Raw data.
+---+

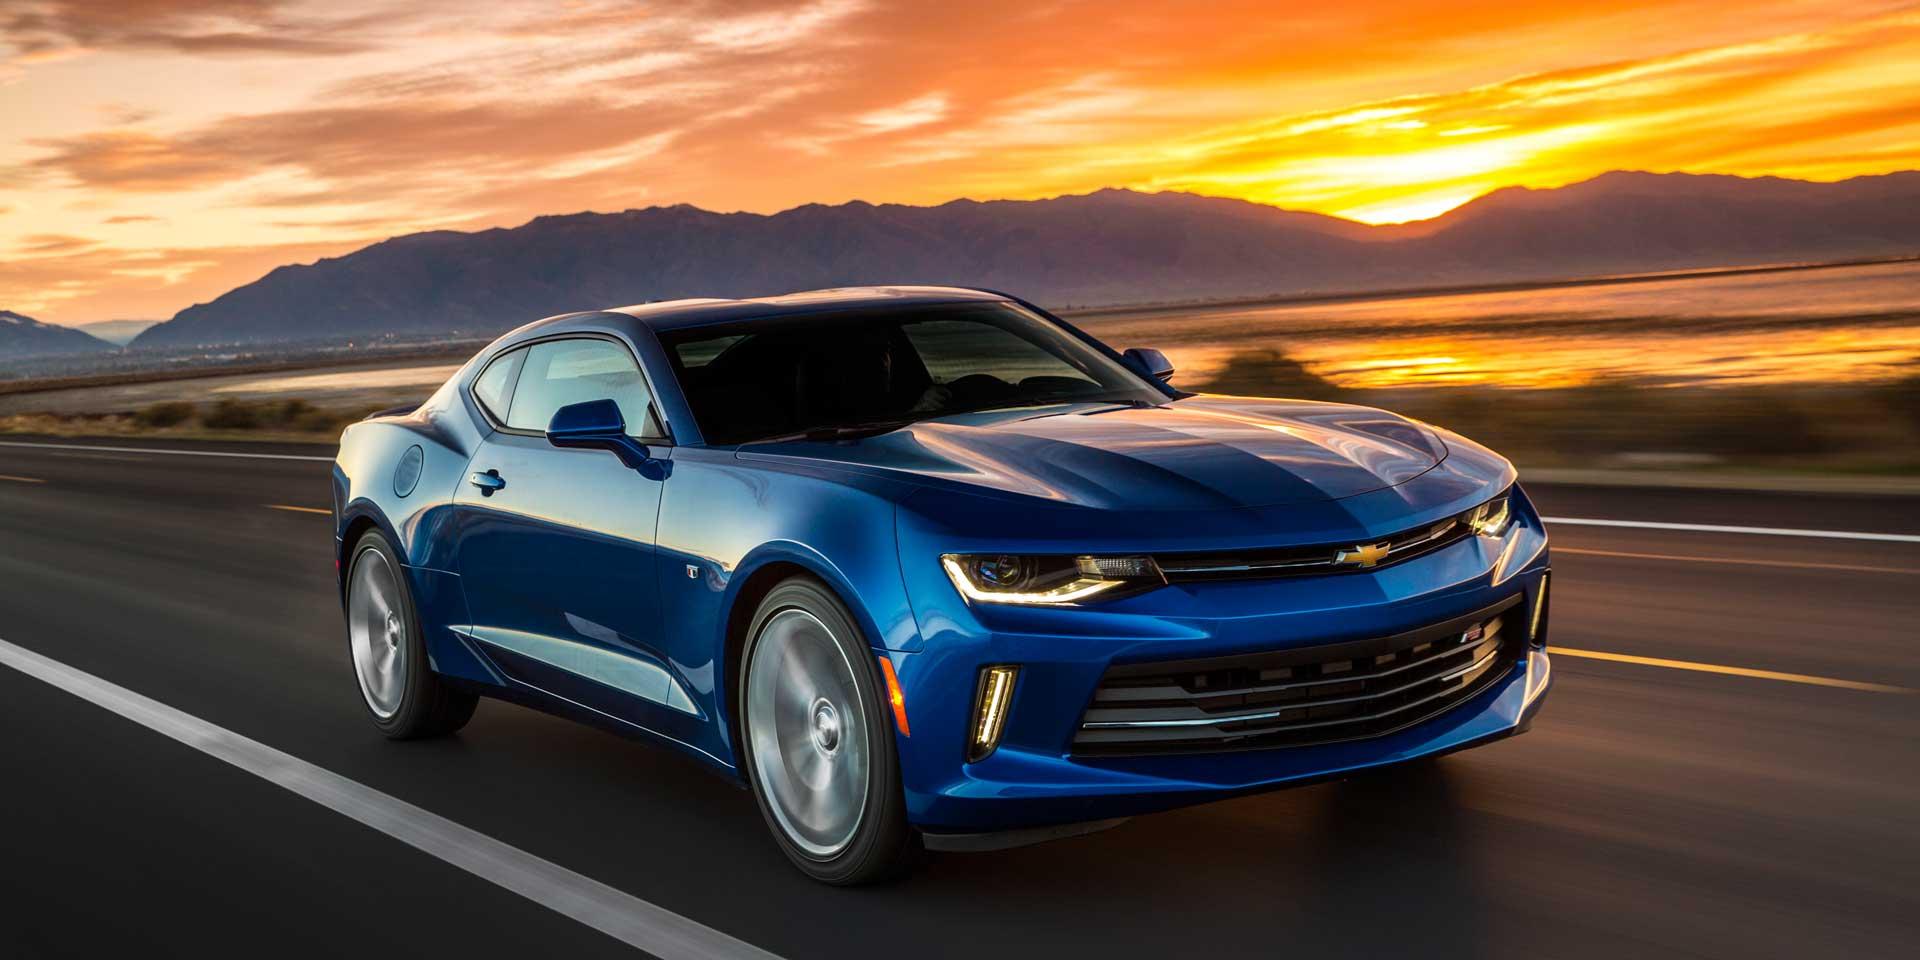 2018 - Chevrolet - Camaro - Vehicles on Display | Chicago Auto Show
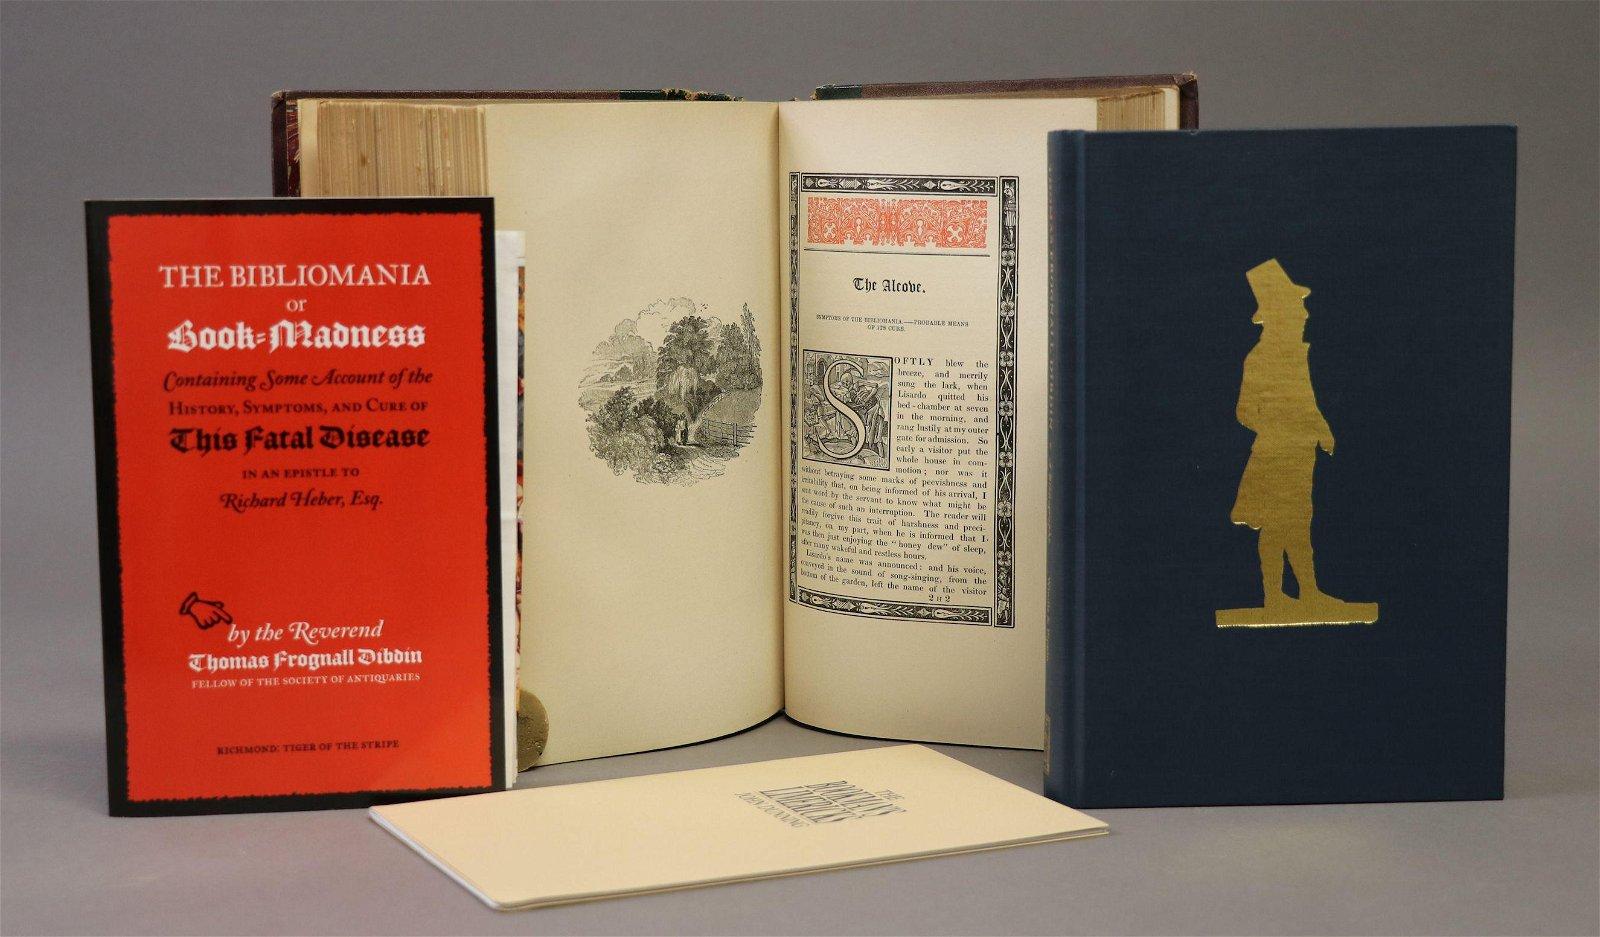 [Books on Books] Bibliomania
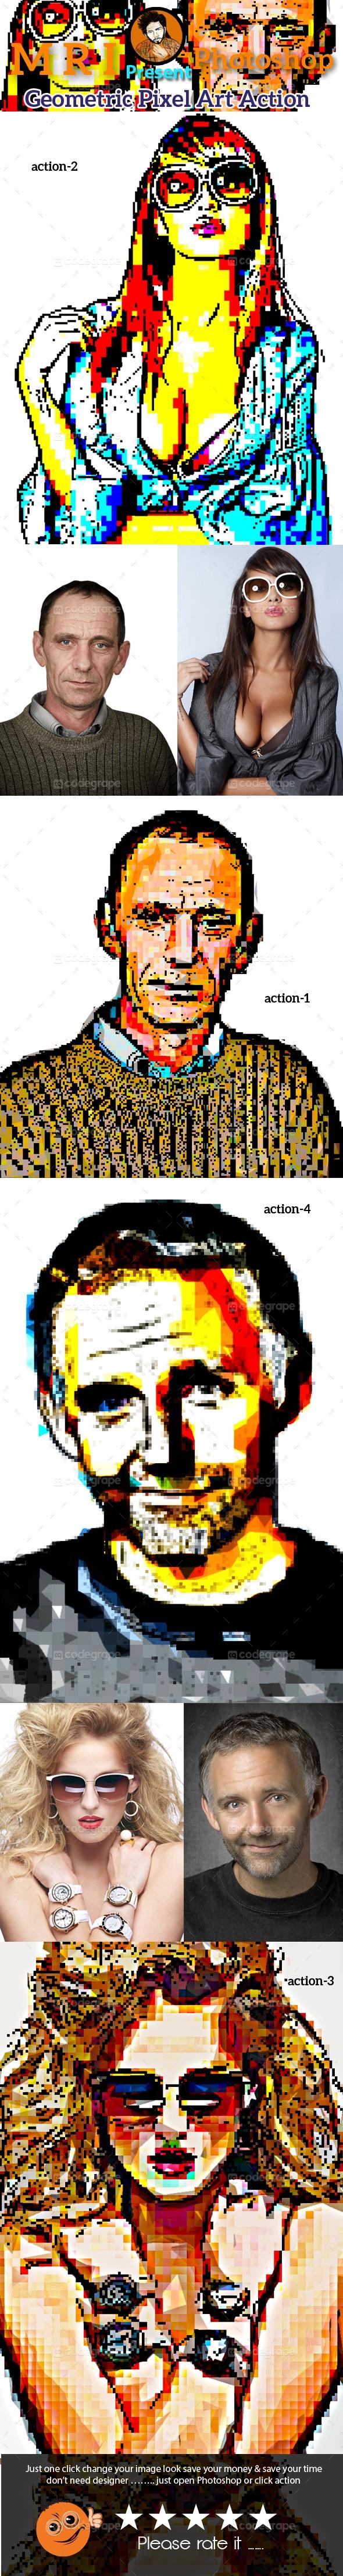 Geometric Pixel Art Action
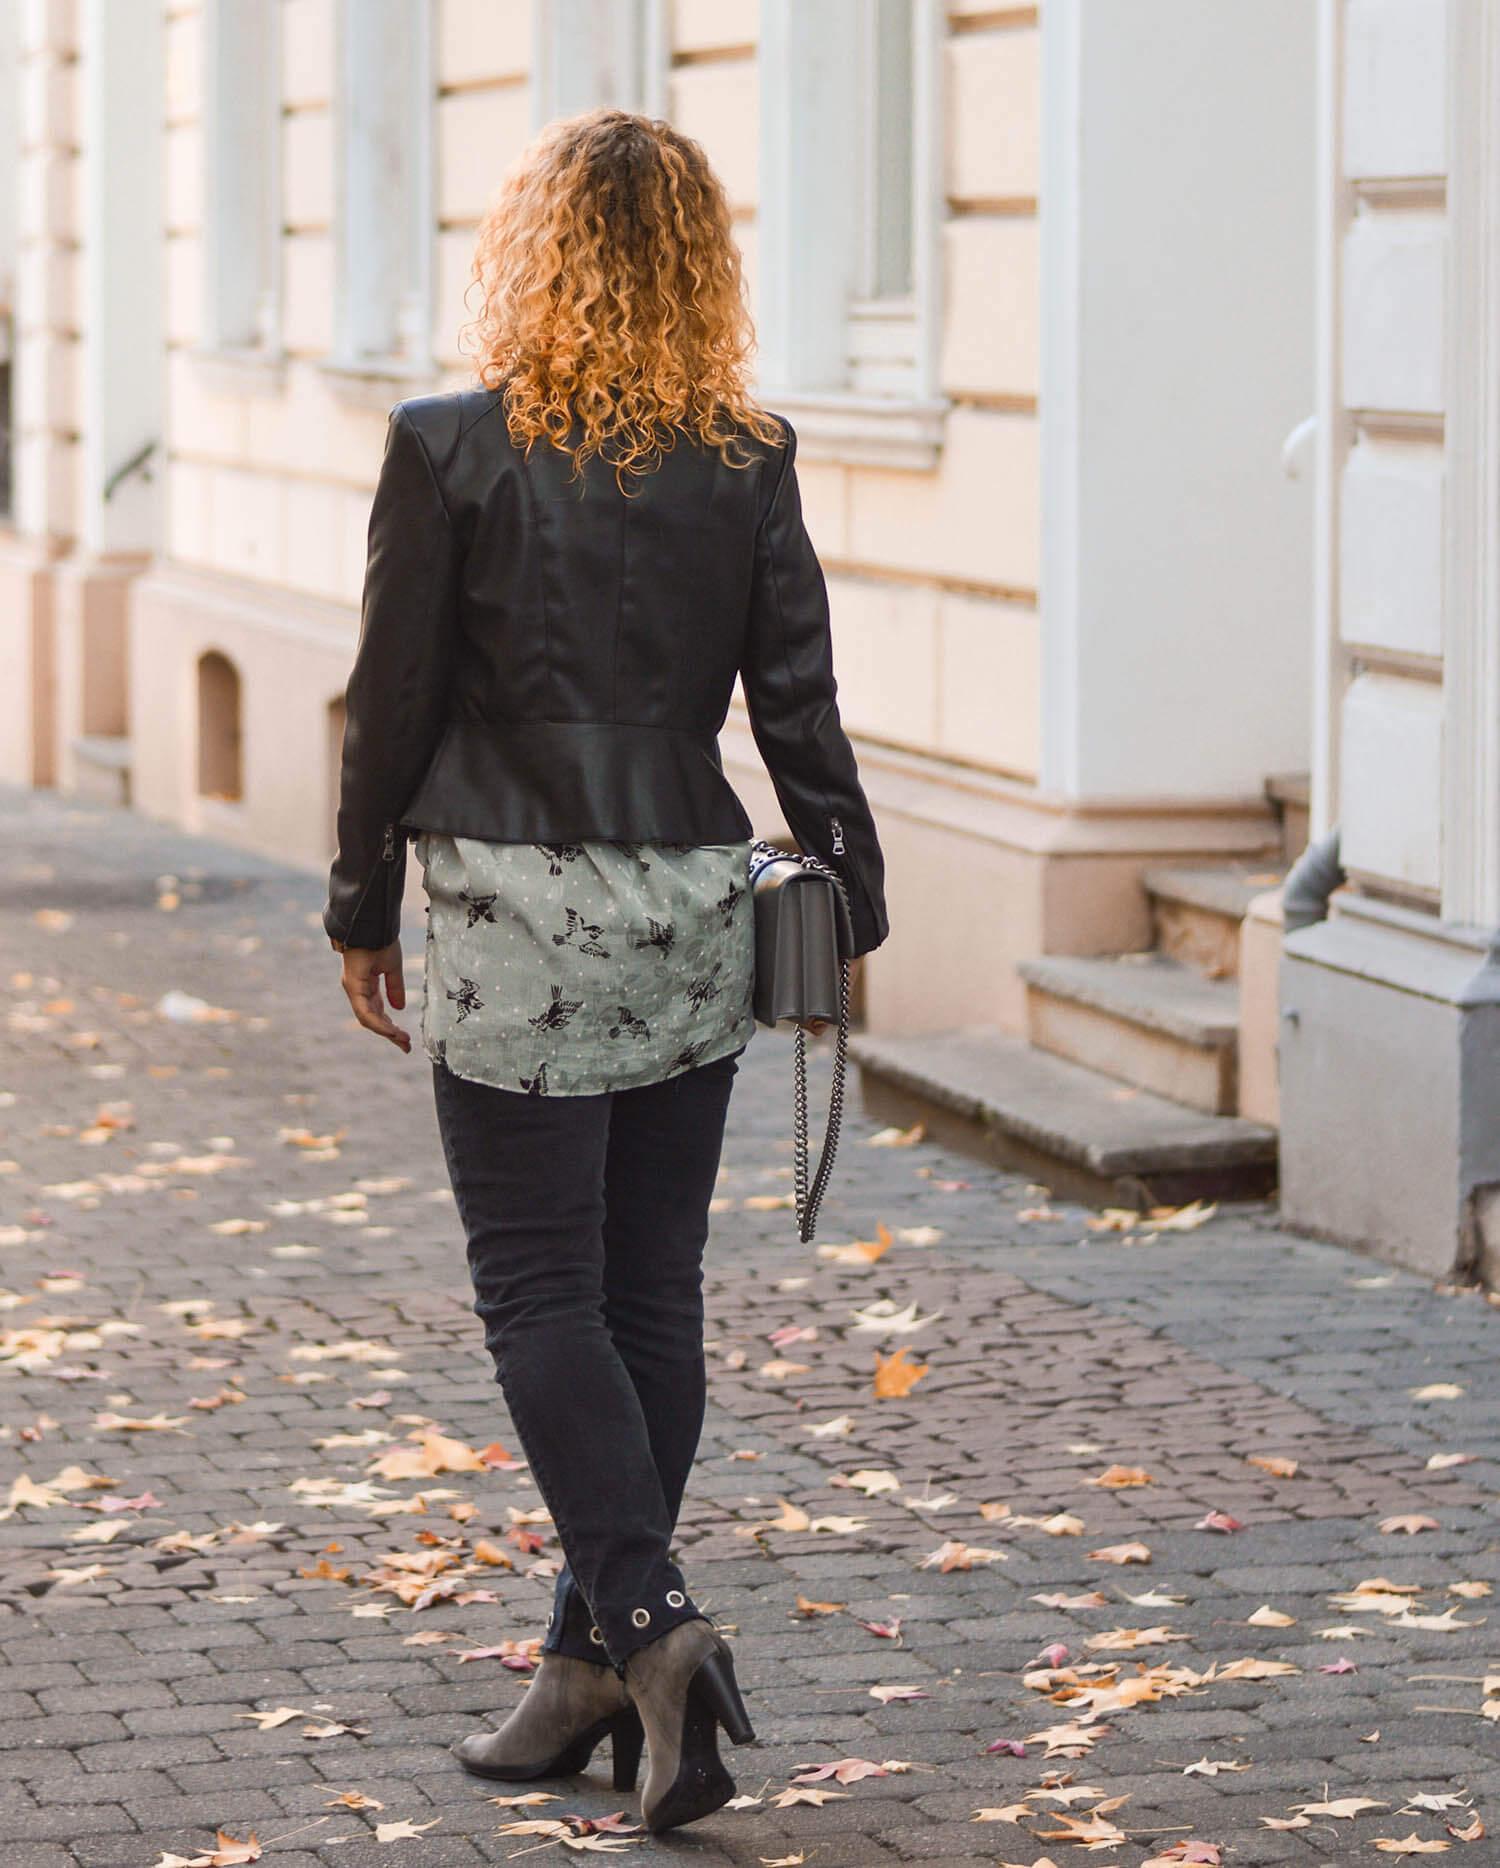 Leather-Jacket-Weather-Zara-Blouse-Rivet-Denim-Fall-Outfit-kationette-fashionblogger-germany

+---+

What to work on.
Transcribe the listing in full and omit the pictures.

Problem solution.
 2018 - Chevrolet - Camaro - Vehicles on Display | Chicago Auto Show
 [Books on Books] Bibliomania
 Geometric Pixel Art Action
 Leather-Jacket-Weather-Zara-Blouse-Rivet-Denim-Fall-Outfit-kationette-fashionblogger-germany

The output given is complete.